Regarding specific ARCH research use cases, we were fortunate to support a number of different internationally distributed research teams with our Archives Unleashed colleagues. Titles for those research efforts are instructive, so I’ll repeat some of them here: “AWAC2 Analyzing Web Archives of the COVID Crisis through the IIPC Novel Coronavirus dataset” (Valérie Schafer et al.); “Using Web Archives for Mapping the Use of Cultural Practices in Postconflict Societies and During Reconciliation Processes” (Ricardo Velasco Trujillo and Luis Gomez); “Web Archiving and the Saskatchewan COVID Archive: Expanding Coverage to Capture Social Media, Medical Misinformation” (Jim Clifford et al.), and “Radicalization; Latin American Women’s Rights Movements: Tracing Online Presence through Language, Time and Space” (Sylvia Fernandez et al.). More recently, we’ve seen examples of ARCH research use cases focused on the study of modern music history and library practitioner use cases focused on ARCH as a tool for collection curation at scale.

I’m not surprised to hear that AI is on your mind. You recently gave a talk at ACRL on the “mutualistic relationships” between GLAM professionals and AI tools, which I assume plays into the topic of AI4LAM. How is this relationship mutualistic?

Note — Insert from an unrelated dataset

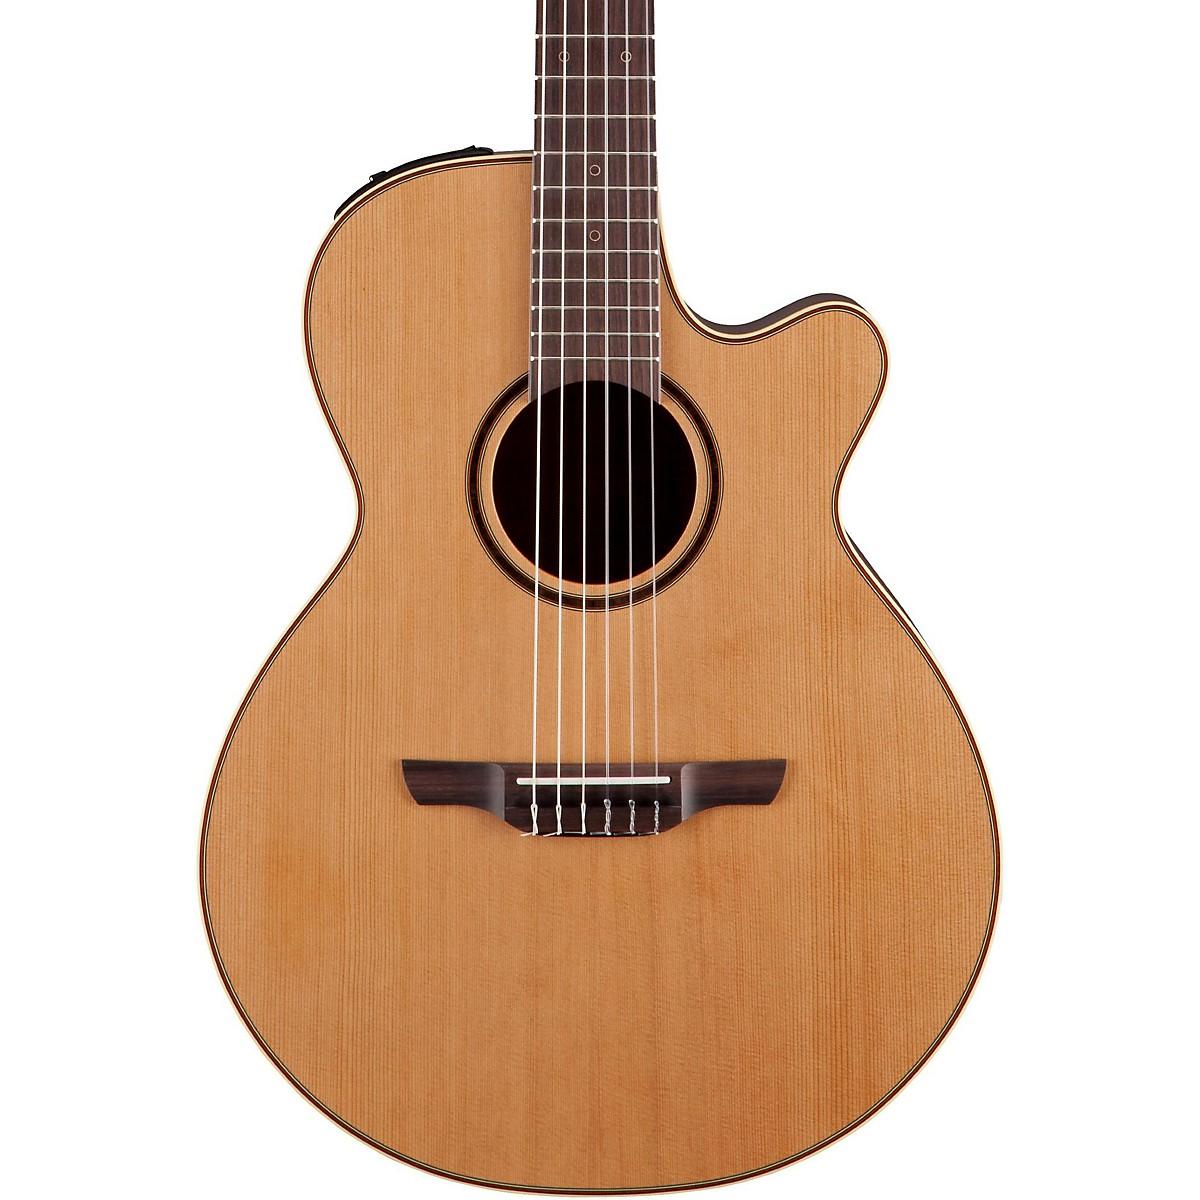 Takamine Pro Series 3 Folk Nylon Cutaway Acoustic-Electric Guitar

Is there a way of conceiving of these tools as mutually beneficial while also bearing in mind the real ethical and privacy concerns these tools raise?

I suppose I should say that I think the relationship between librarians and AI is aspirationally mutualistic. As librarians, we have a long history making use of various tools and technologies. Across each usage, our work is shaped by the tool we hold in hand—metaphorically and literally. The profession contending with the challenges and opportunities of increasingly ubiquitous access to the internet is an instructive sea-change-y sort of lesson from the not-too-distant past.

What remains unclear to me is the extent to which our profession has the ability to impact the creators of the various, predominant AI and ML tools coming into common use. Whether open or proprietary, significant challenges are presented. Questions of ethics or privacy are salient to either path. On the open side of things, we are presented with a challenge of collective action—notoriously tricky to affect. On the proprietary side of things, we encounter a for-profit motive that history has shown rarely balances harms and benefits well.

Not infrequently, I run into people who dismiss concerns about AI with a sort of teleological sense of historical progress, where the inevitable end point of imperfect technologies is a more perfect technology with less harm and more benefit. I find the view distasteful and callous, almost as if harms affected over the course of implementation are simply acceptable losses in the grand sweep of history. More people should reflect on what positionality and advantages allow them to slide so easily into third-person omniscient view.

Yes, the teleological notion that our technological trajectory is outside of human control is a dangerous one. On a closing note, then, as librarianship and libraries integrate further with digital technologies, what is one value librarians shouldn’t forget?

My answer to that question is historical rather than technical. It is important that we not forget our histories. Critical historical reflection grounds us. We should consider the cycle of change we find ourselves in—emphasis on history as cyclical rather than a metaphor of change over time where we sit uncomfortably atop an arrow hurtling toward some unknown future. History is full of people thinking they were sitting on a special arrow when it was really just their turn on the carousel. We can be more confident in our sense of what lies around the bend.